** The data follows **

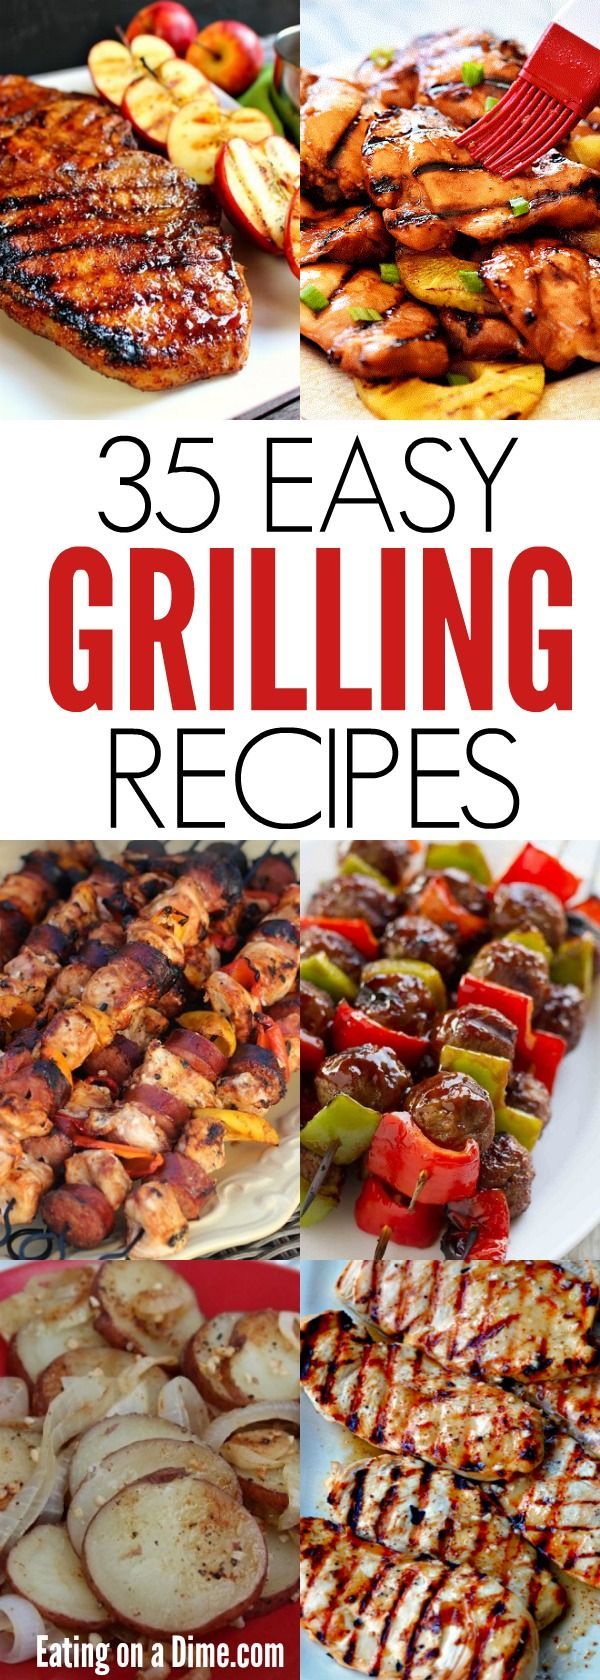 24 unique grilling recipes
 ideas
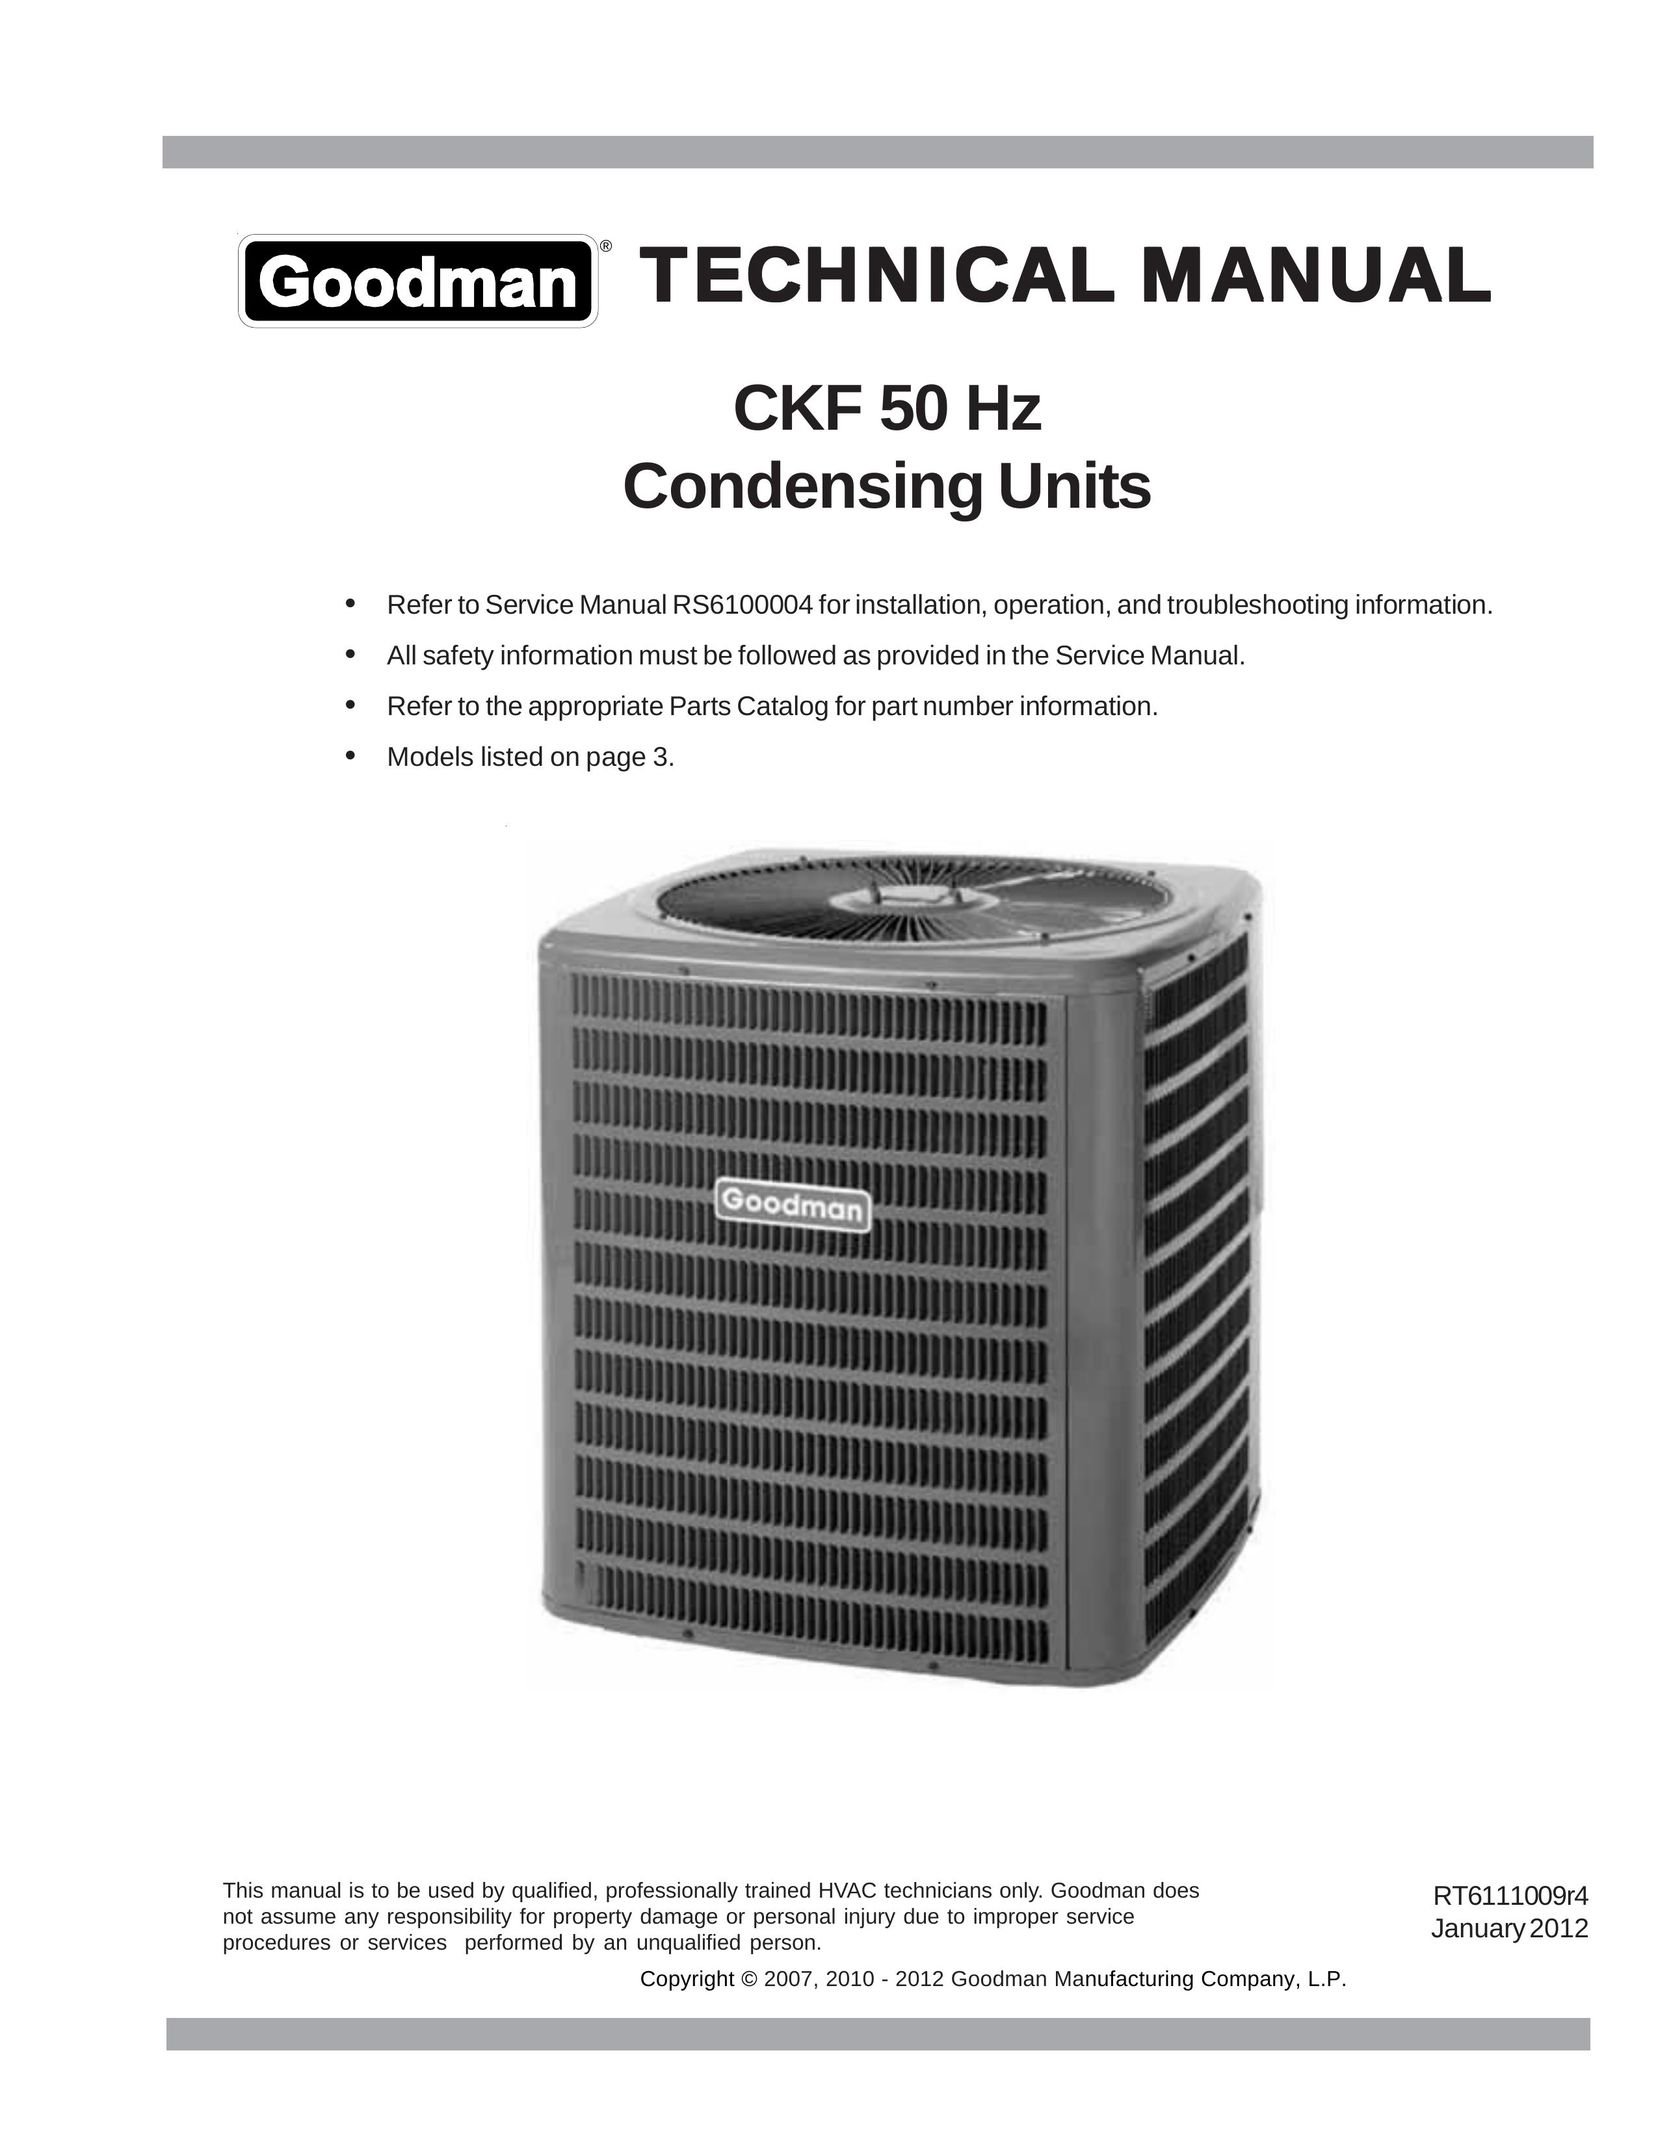 Goodman Mfg Condensing Units Air Conditioner User Manual

** End of The data **

** Task description **
The expected output is the complete listing, word for word, without any picture.

** Reply **
 24 unique grilling recipes
 ideas
 Goodman Mfg Condensing Units Air Conditioner User Manual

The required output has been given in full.